Task item:
Pictures stay out of the output. Return exactly the lines below from the one with "MCDONNELL DOUGLAS F-4" down to the one with "The Eiffel Tower", both included, and nothing more.
____ Supplied data
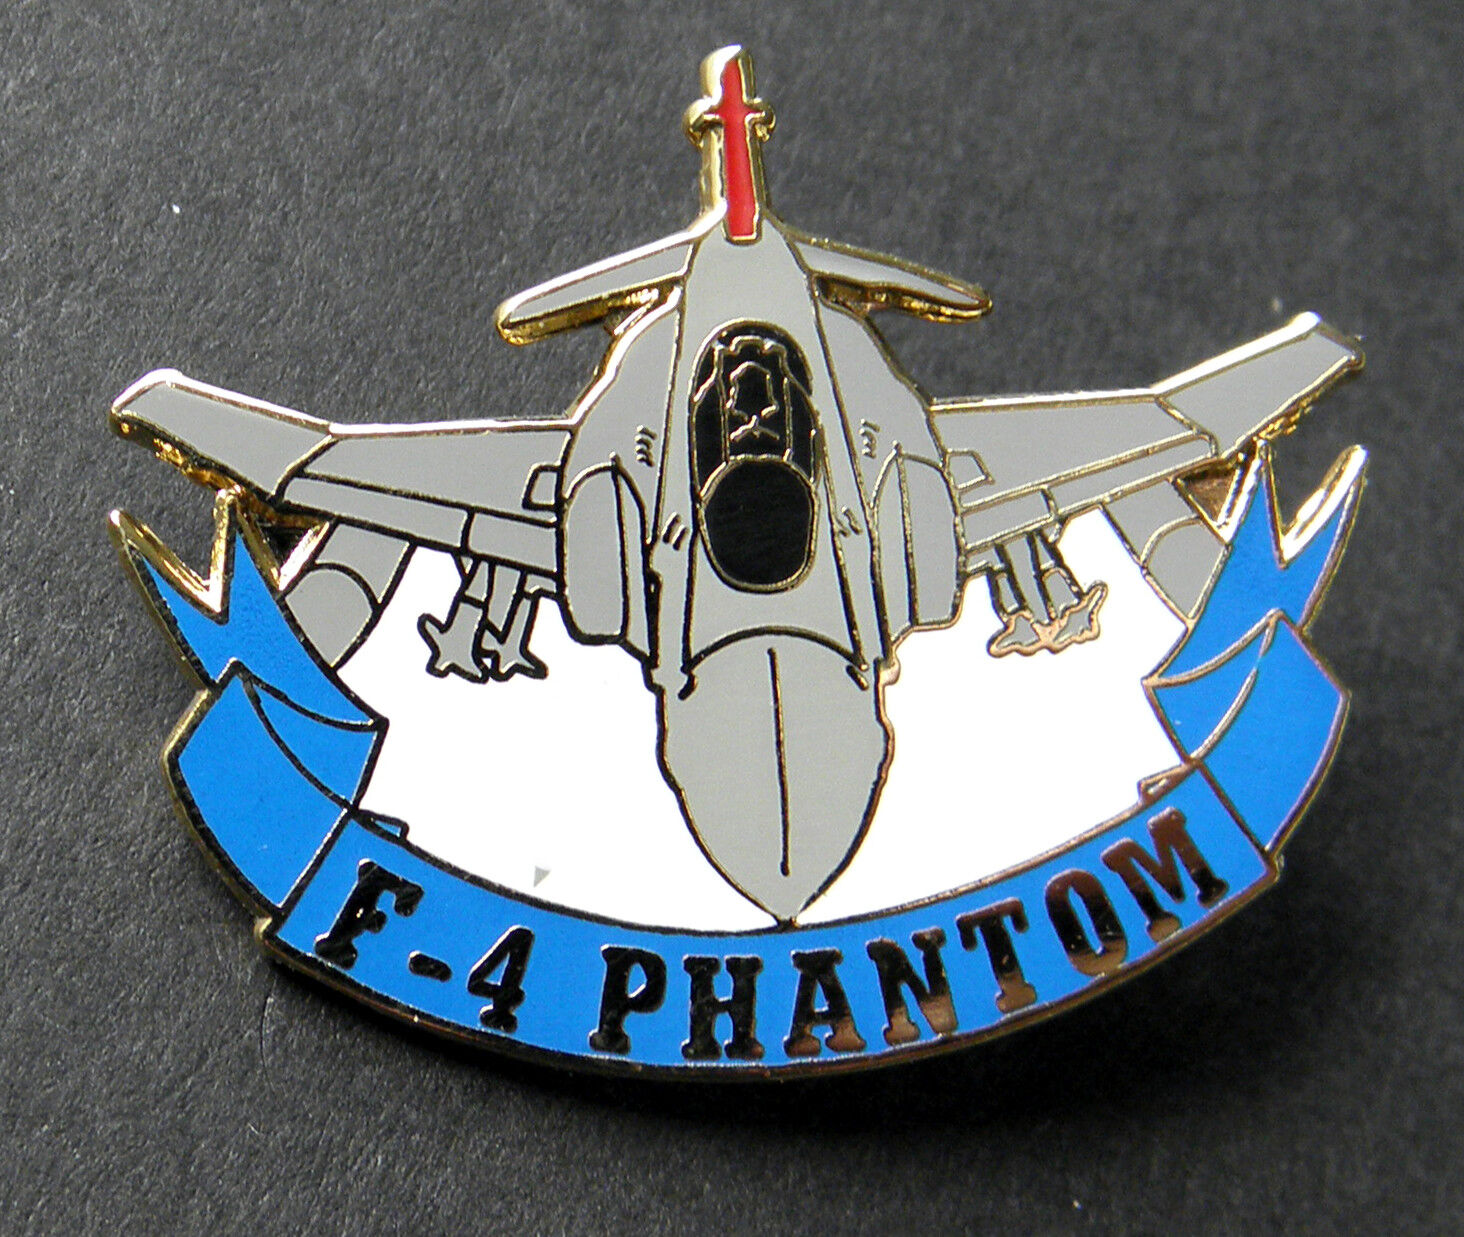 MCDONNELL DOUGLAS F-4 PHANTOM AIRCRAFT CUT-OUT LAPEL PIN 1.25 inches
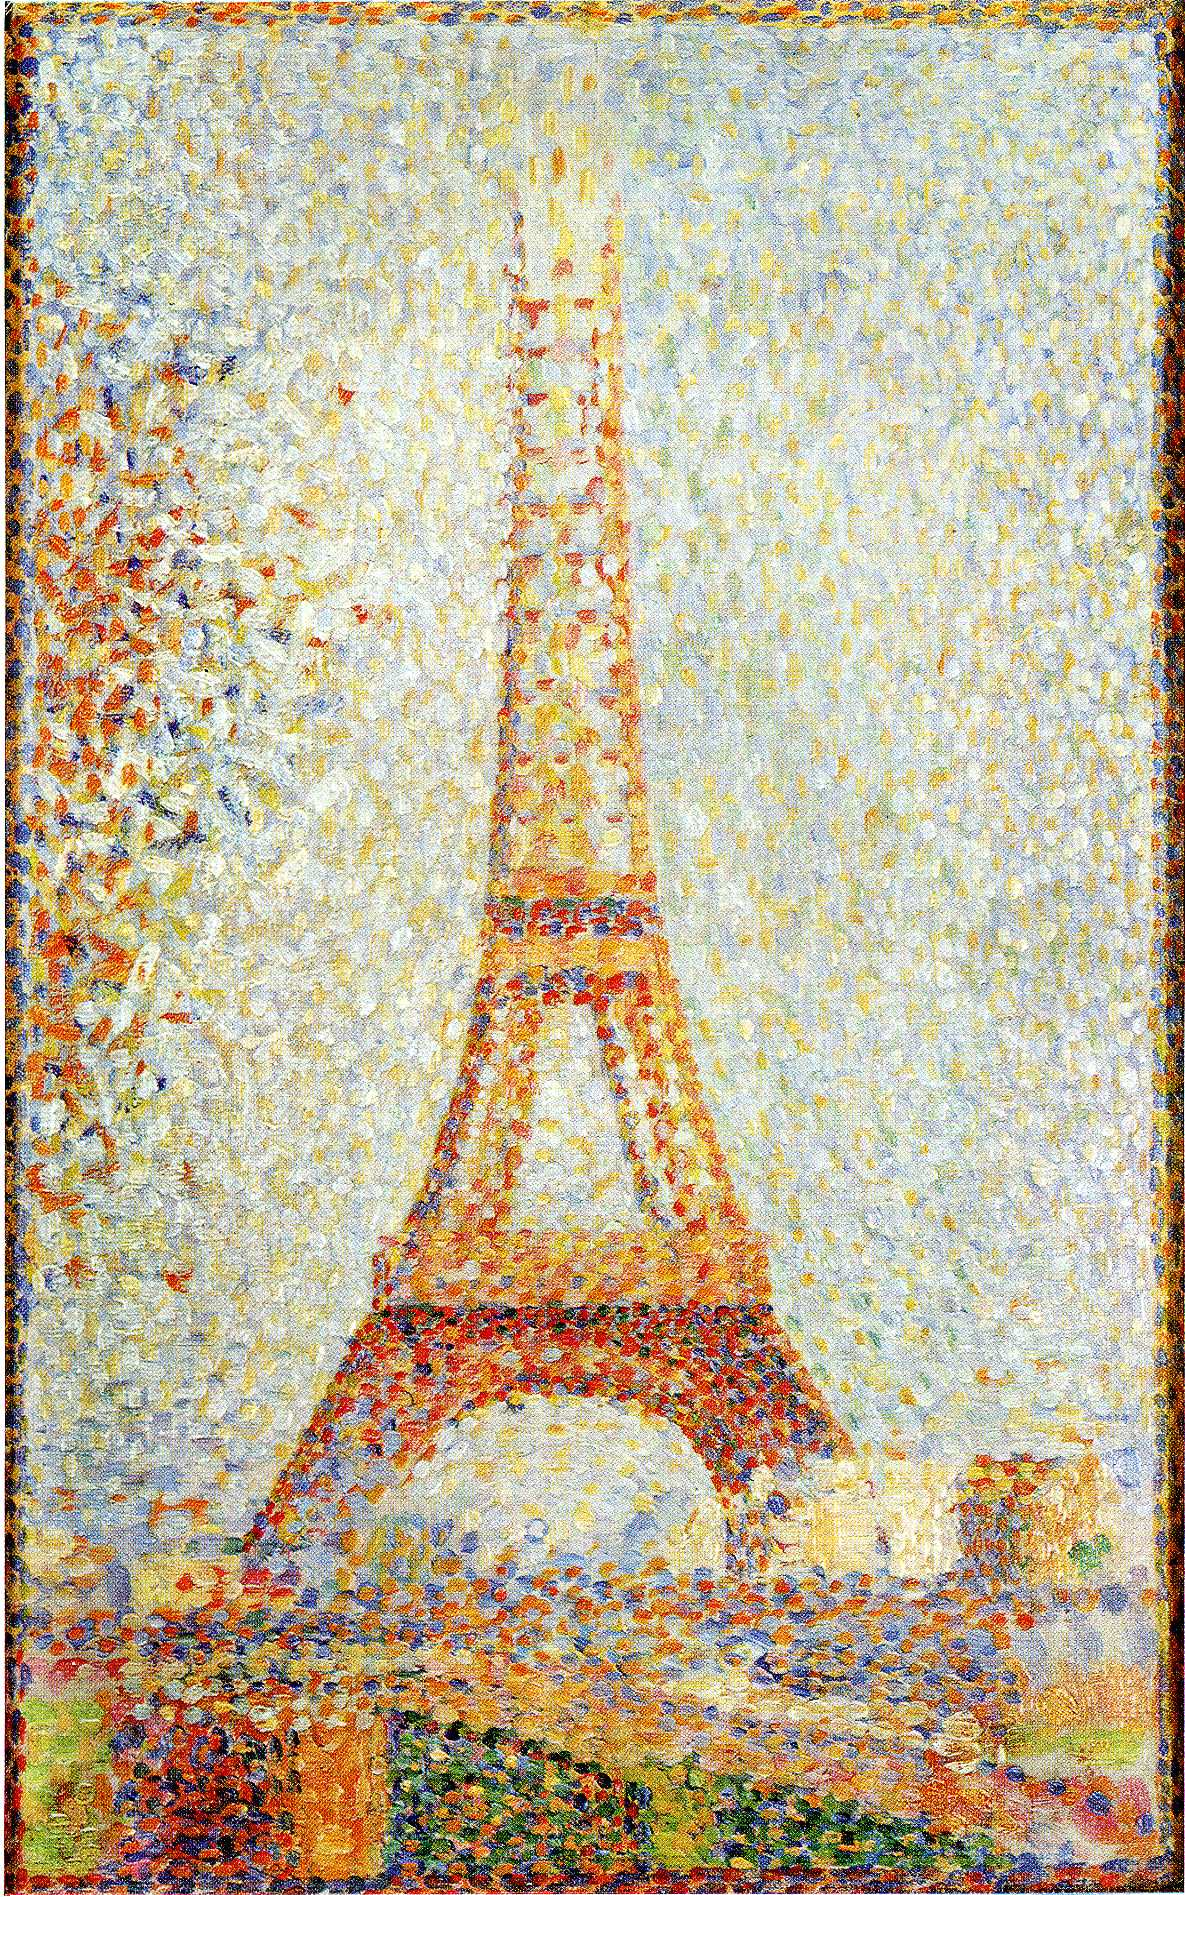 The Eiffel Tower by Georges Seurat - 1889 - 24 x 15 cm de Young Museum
________
____ Supplied data
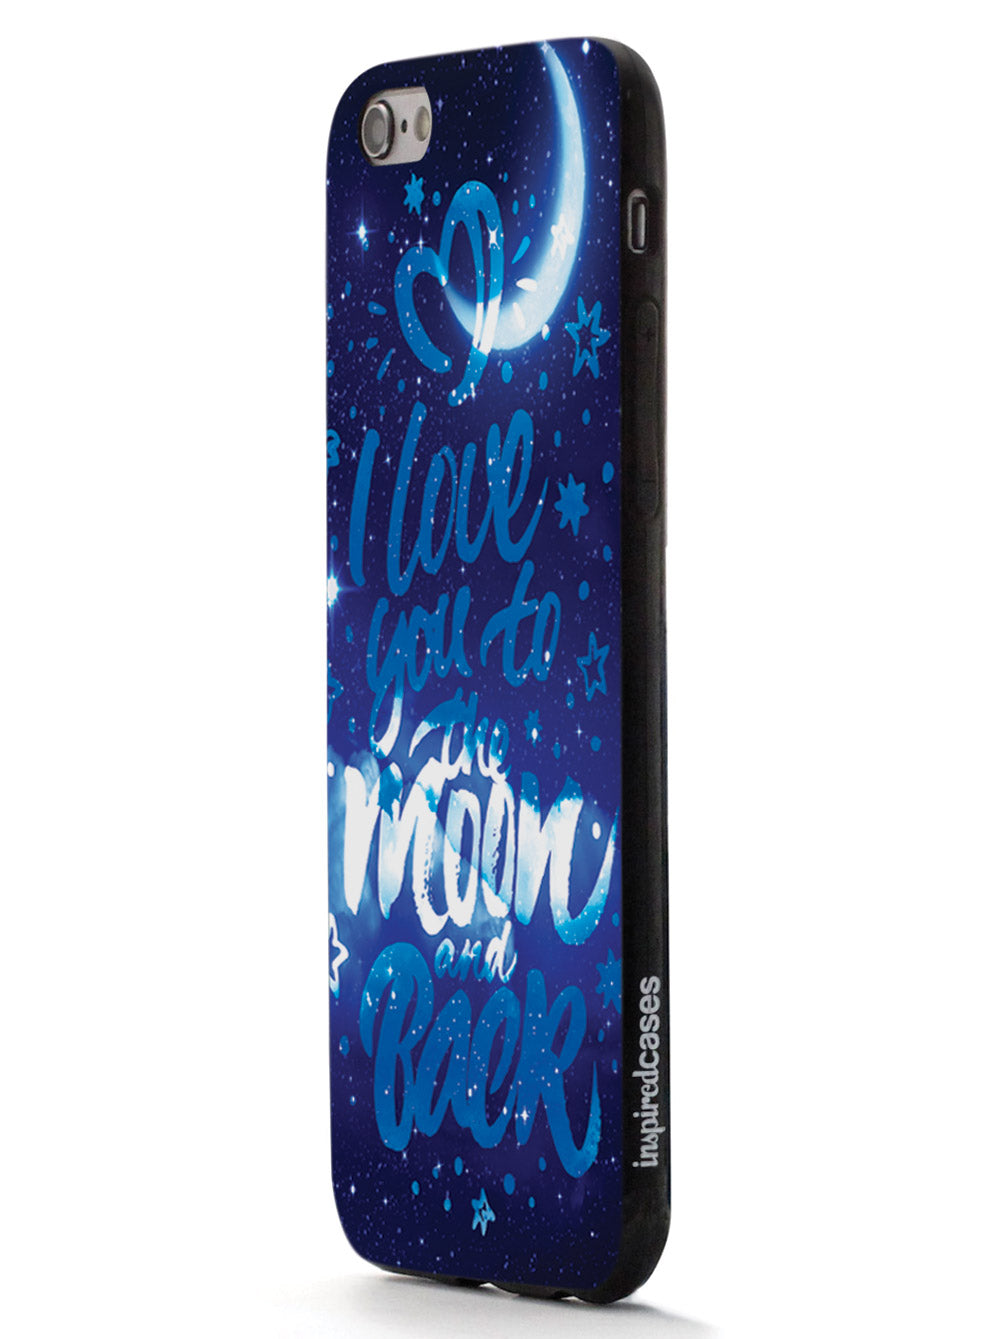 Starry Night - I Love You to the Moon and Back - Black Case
________
Reply to the exercise:
 MCDONNELL DOUGLAS F-4 PHANTOM AIRCRAFT CUT-OUT LAPEL PIN 1.25 inches
 The Eiffel Tower by Georges Seurat - 1889 - 24 x 15 cm de Young Museum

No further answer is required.